** Available data follows **

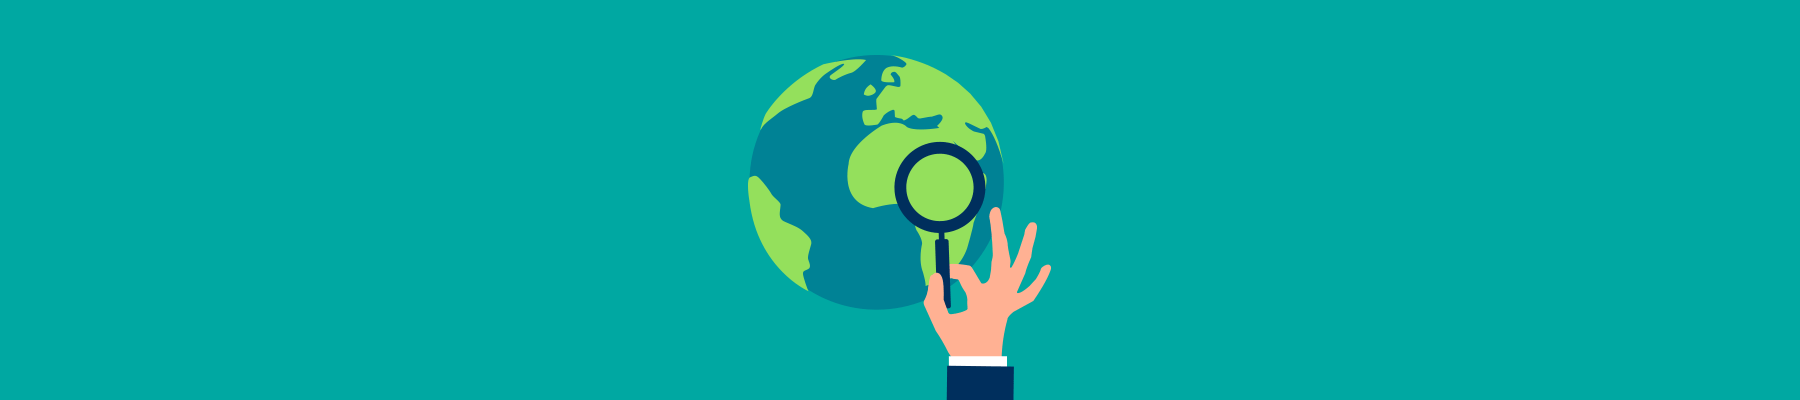 Nachhaltigkeit | Kompetenzzentrum Handel | Bild 6635477 Pixabay
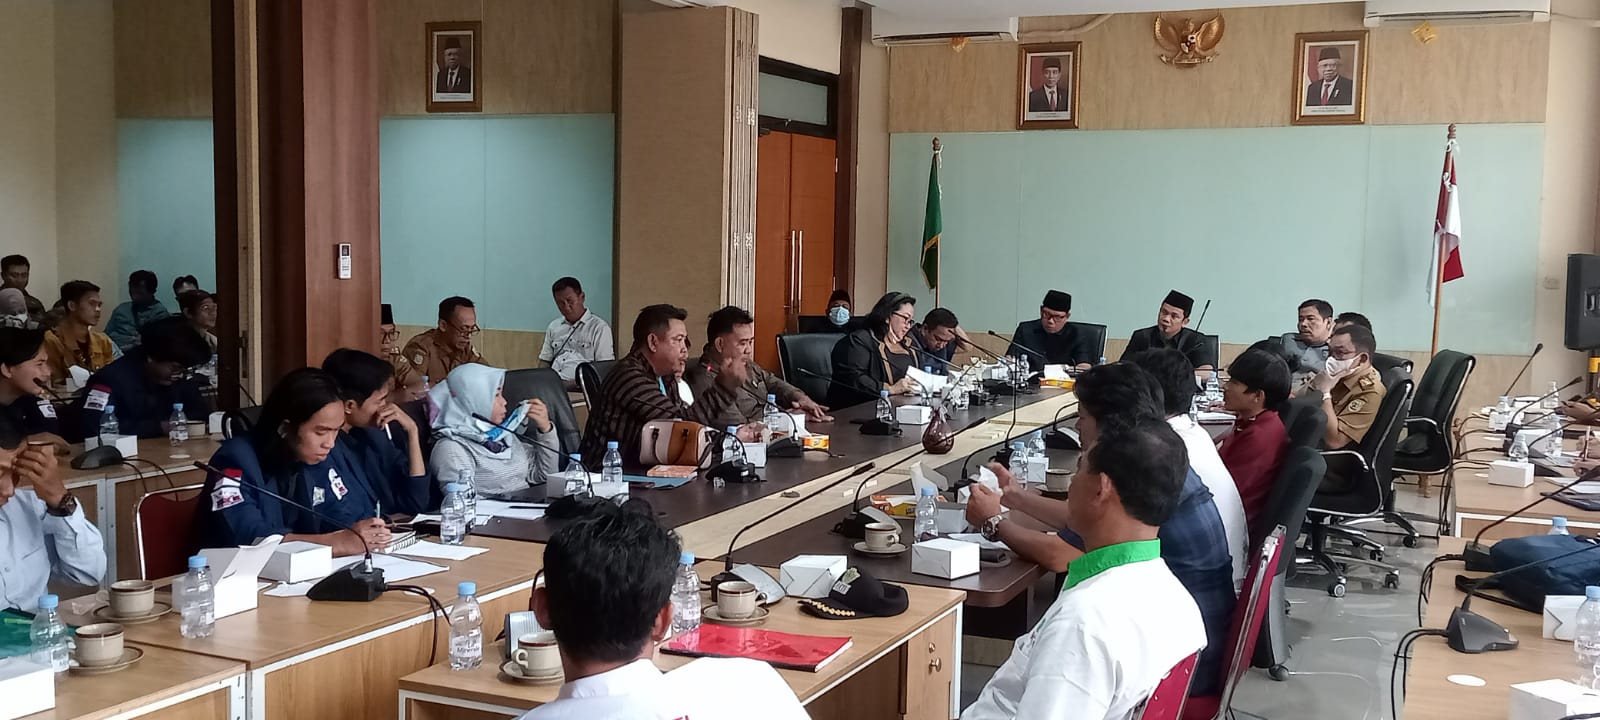 Audiensi DPRD Provinsi Bengkulu, Jonaidi: Aspirasi Jadi Atensi
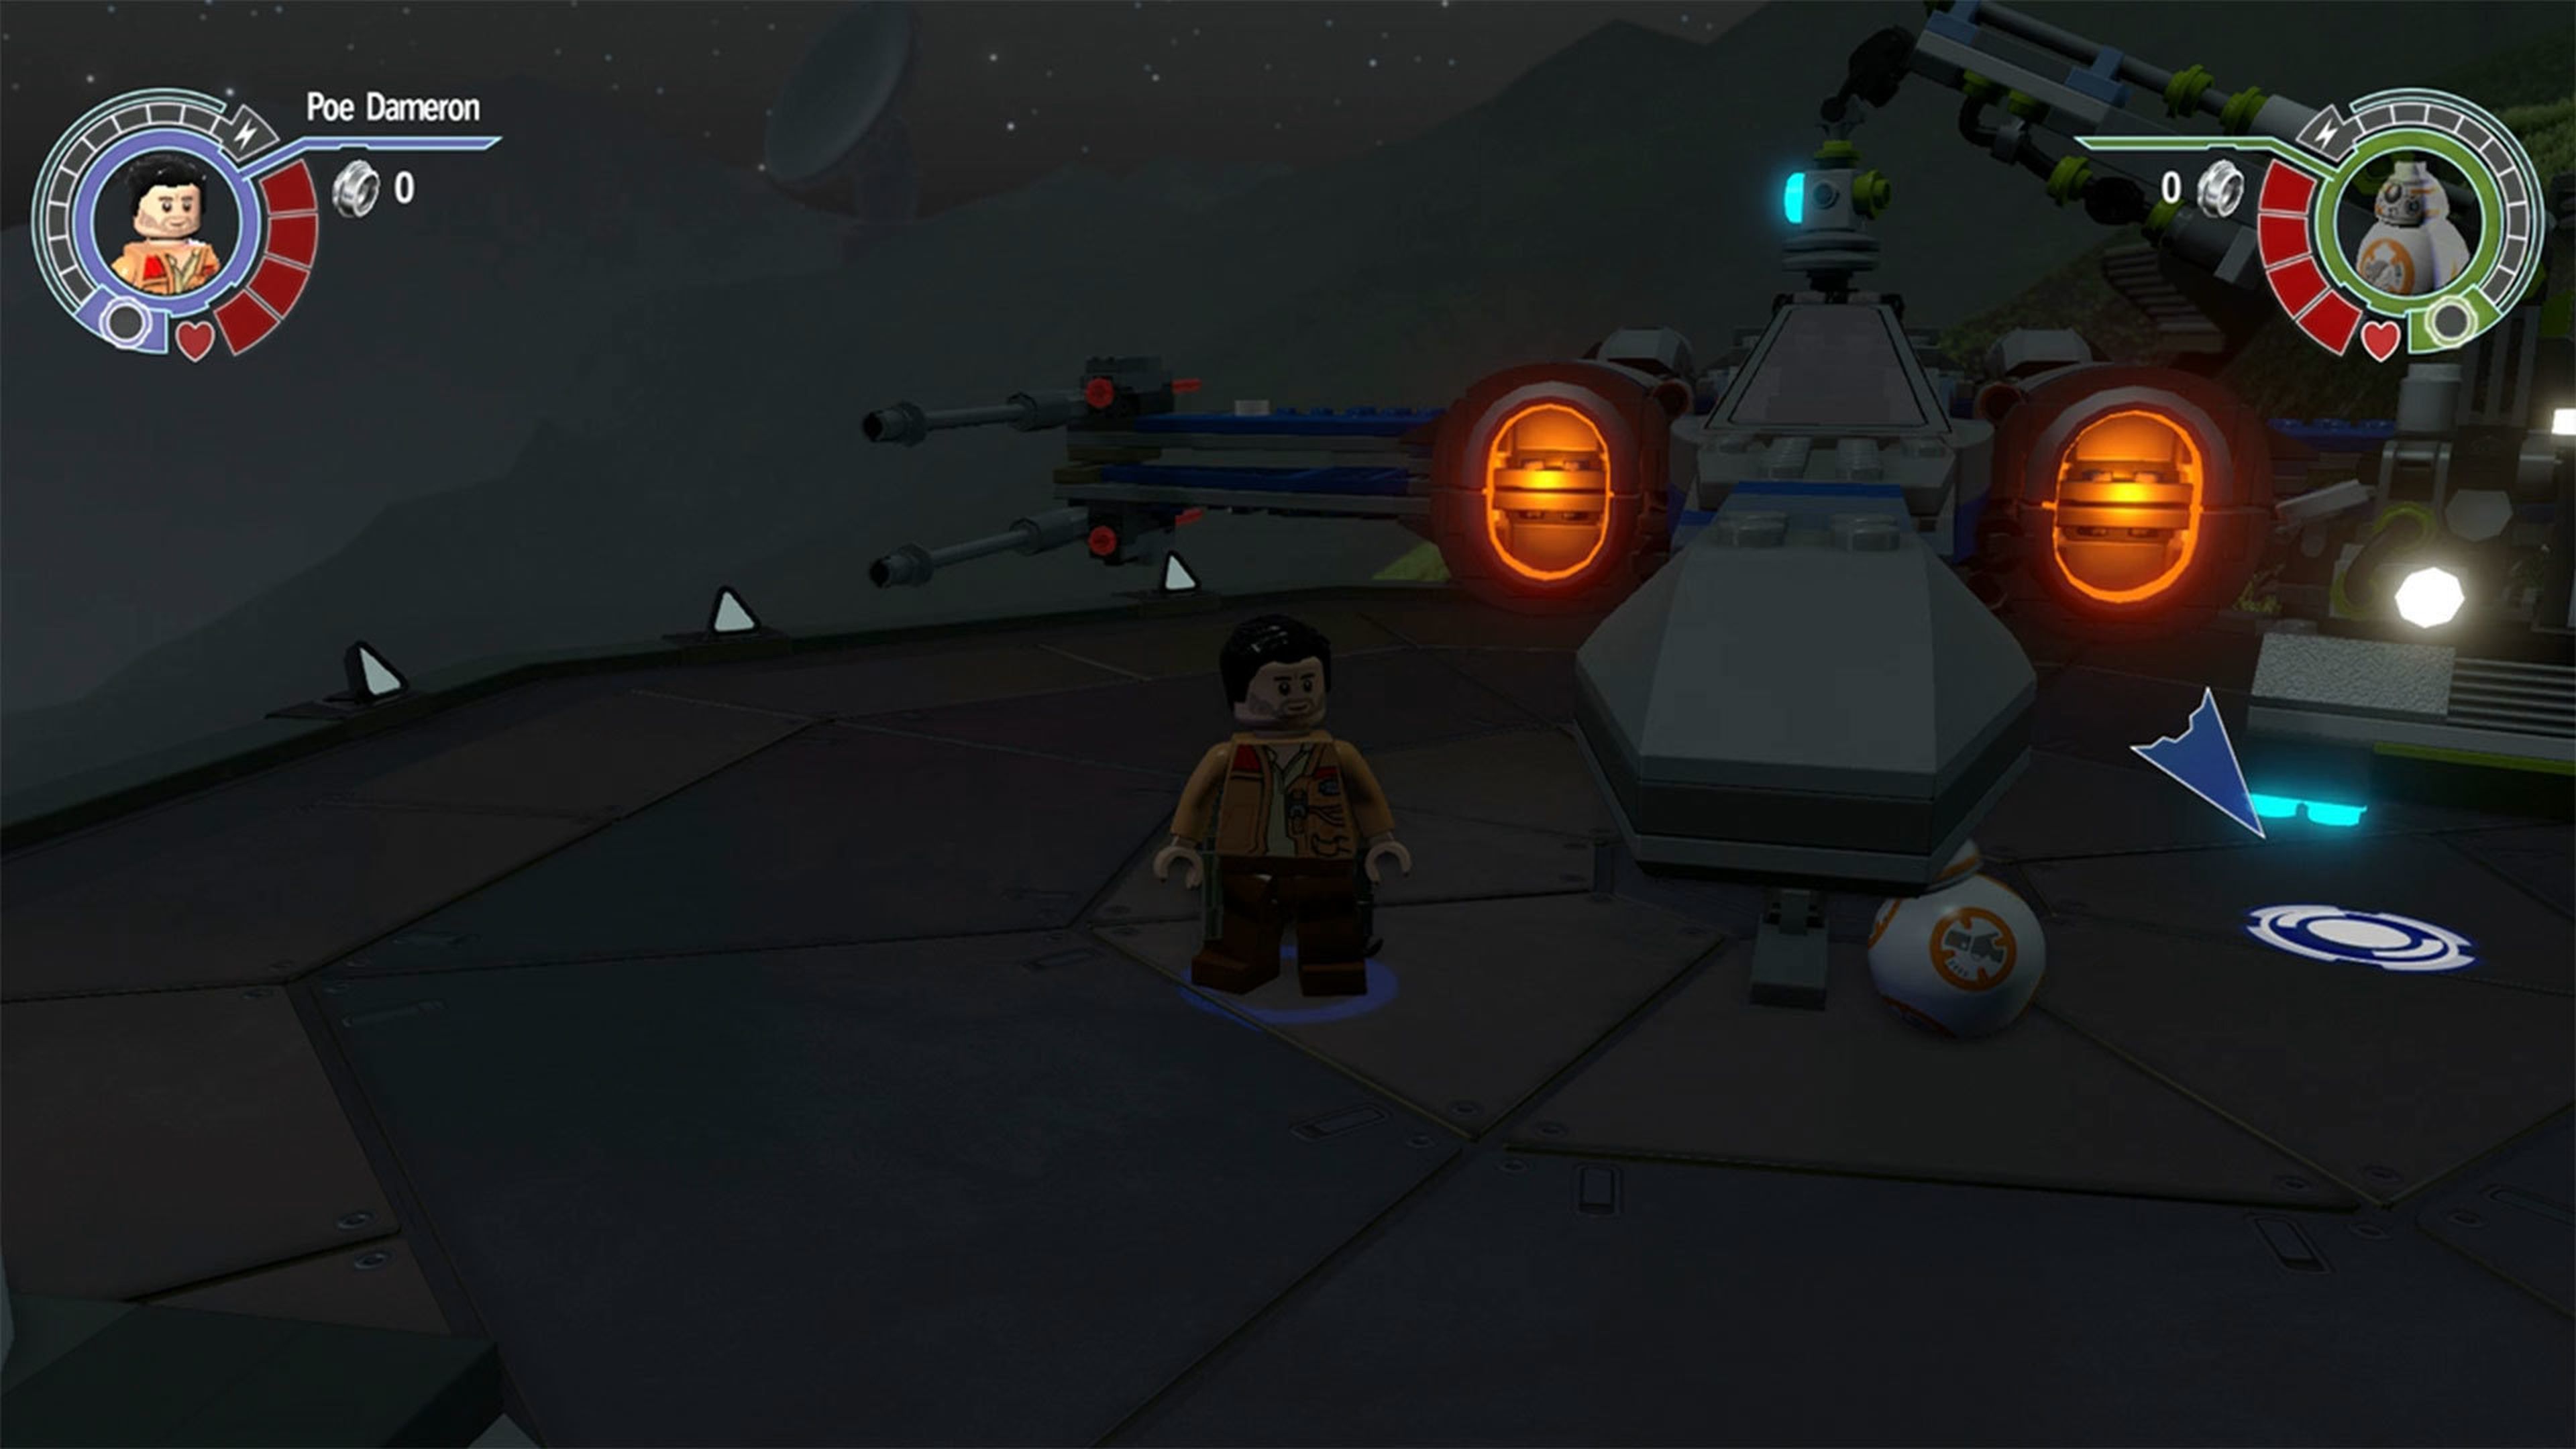 LEGO Star Wars 7 El Despertar de la Fuerza - imágenes gameplay

** End of Available data **

▸ **Work instruction**: Your task is to output the material word for word while leaving out every image.

▸ **Solution to this task**:
 Nachhaltigkeit | Kompetenzzentrum Handel | Bild 6635477 Pixabay
 Audiensi DPRD Provinsi Bengkulu, Jonaidi: Aspirasi Jadi Atensi
 LEGO Star Wars 7 El Despertar de la Fuerza - imágenes gameplay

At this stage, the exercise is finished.